En juillet 2019, à l’Institut de l’Engagement, nous avons organisé le premier « Campus de l’Engagement ». La proposition faite aux entreprises était de venir avec des collaborateurs, en immersion pendant trois jours et au « vert » d’un alpage du Vercors, à la rencontre de lauréats de l’Institut de l’Engagement : des jeunes engagés, particulièrement sensibles aux questions sociales et environnementales, aux parcours particulièrement cahoteux, et animés par une forte envie d’agir.
Il ne s’agissait pas de demander aux collaborateurs de ces entreprises de venir mentorer, partager leurs compétences, donner de leur temps à ces jeunes. Il leur était demandé de participer avec eux à des conférences et à des ateliers et de travailler avec eux sur les questions qui se posent aujourd’hui aux entreprises. De faire naître des propositions, de construire avec eux des solutions. Mentoring et reverse mentoring. C’est ainsi que le groupe ADP a demandé à ces jeunes, à la fois sensibles aux questions environnementales et avides de découvertes interculturelles : « Va-t-on vers un monde sans avion ? »
C’est ainsi que le groupe BNP Paribas a demandé à ces jeunes en situation financière parfois extrême quels produits financiers proposer pour permettre à tous d’étudier. BNP Paribas les a aussi questionnés et écoutés sur la gestion de la diversité, avec la conviction qu’un frein majeur aux recrutements dans la diversité est la crainte de ne pas savoir gérer les équipes ainsi constituées.
C’est ainsi que Total leur a demandé quels services proposer dans les stations-service en zone rurale.

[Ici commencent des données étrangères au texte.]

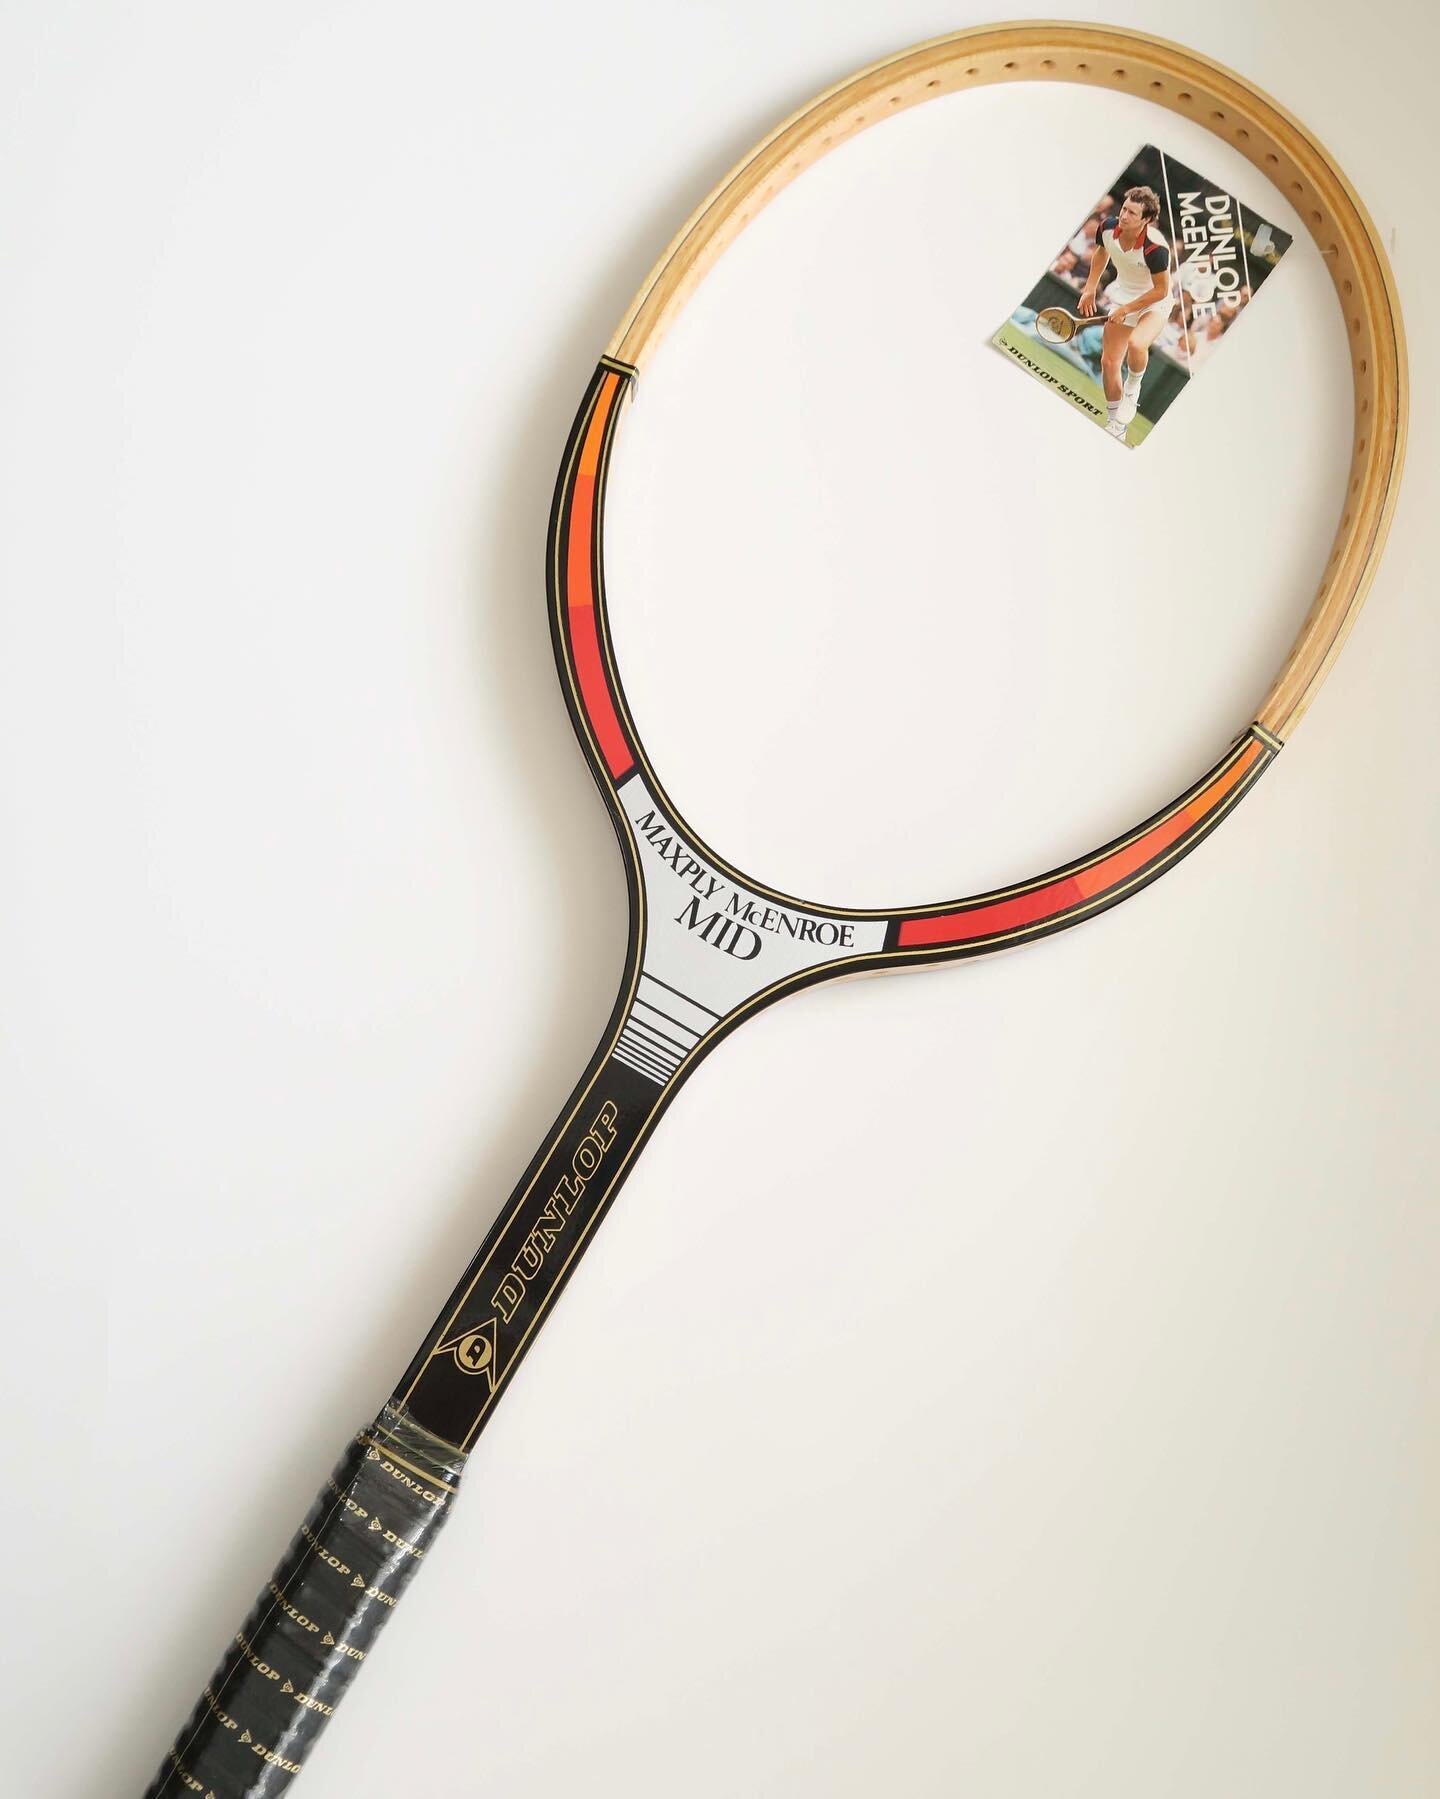 Unleash the allure of vintage tennis with the Dunlop MaxPly McEnroe wooden racquet - a meticulously preserved new old stock gem 💎 Check it out on our site 

#Tennis #tennisplayer #tennislife #tenniscourt #tennisball #racquetstringing #tennistoronto

Construire le changement avec les entreprises, c’est disruptif
De ces ateliers de travail entre jeunes et entreprises, de ces ateliers de travail que ni les jeunes ni les entreprises n’auraient provoqués d’eux-mêmes, sont nées des idées.
Par exemple proposer aux étudiants qui empruntent pour financer leurs études dans de grandes écoles de management un produit financier modulable qui leur permette, en sortie d’études, de se lancer dans une création d’entreprise en retraitant l’échéancier et la nature des remboursements.
Par exemple faire des stations-service une plateforme de stages, le cas échéant en télétravail, pour les jeunes en zone rurale auxquels les stages sont le plus souvent inaccessibles…
Les entreprises qui ont participé à ce premier Campus de l’Engagement ont envie de poursuivre le travail lancé. D’autres entreprises souhaitent elles aussi participer à cet événement. Parce qu’elles ont besoin de comprendre, d’anticiper, de gérer les inévitables disruptions et que ce sont les jeunes qui doivent les y aider.
Construire le changement avec les entreprises, c’est urgent
Étudiants des grandes écoles, nous avons besoin de vous pour ce réveil écologique. Mais nous avons besoin de votre présence, pas de votre absence.
Ouvrez les portes au lieu de les fermer.
Donner une réalité au réveil écologique, c’est ce que vous faites lorsque vous adoptez des comportements individuels verts et vertueux.
C’est ce que vous faites lorsque vous faites savoir aux entreprises ce que votre génération attend d’elles.
C’est ce que vous ferez lorsque vous construirez les solutions qu’elles adopteront.
« Il vaut mieux penser le changement que changer le pansement »
Francis Blanche a raison : « Face au monde qui change, il vaut mieux penser le changement que changer le pansement. »
Mais, en plus de penser le changement, construisons-le. Ensemble.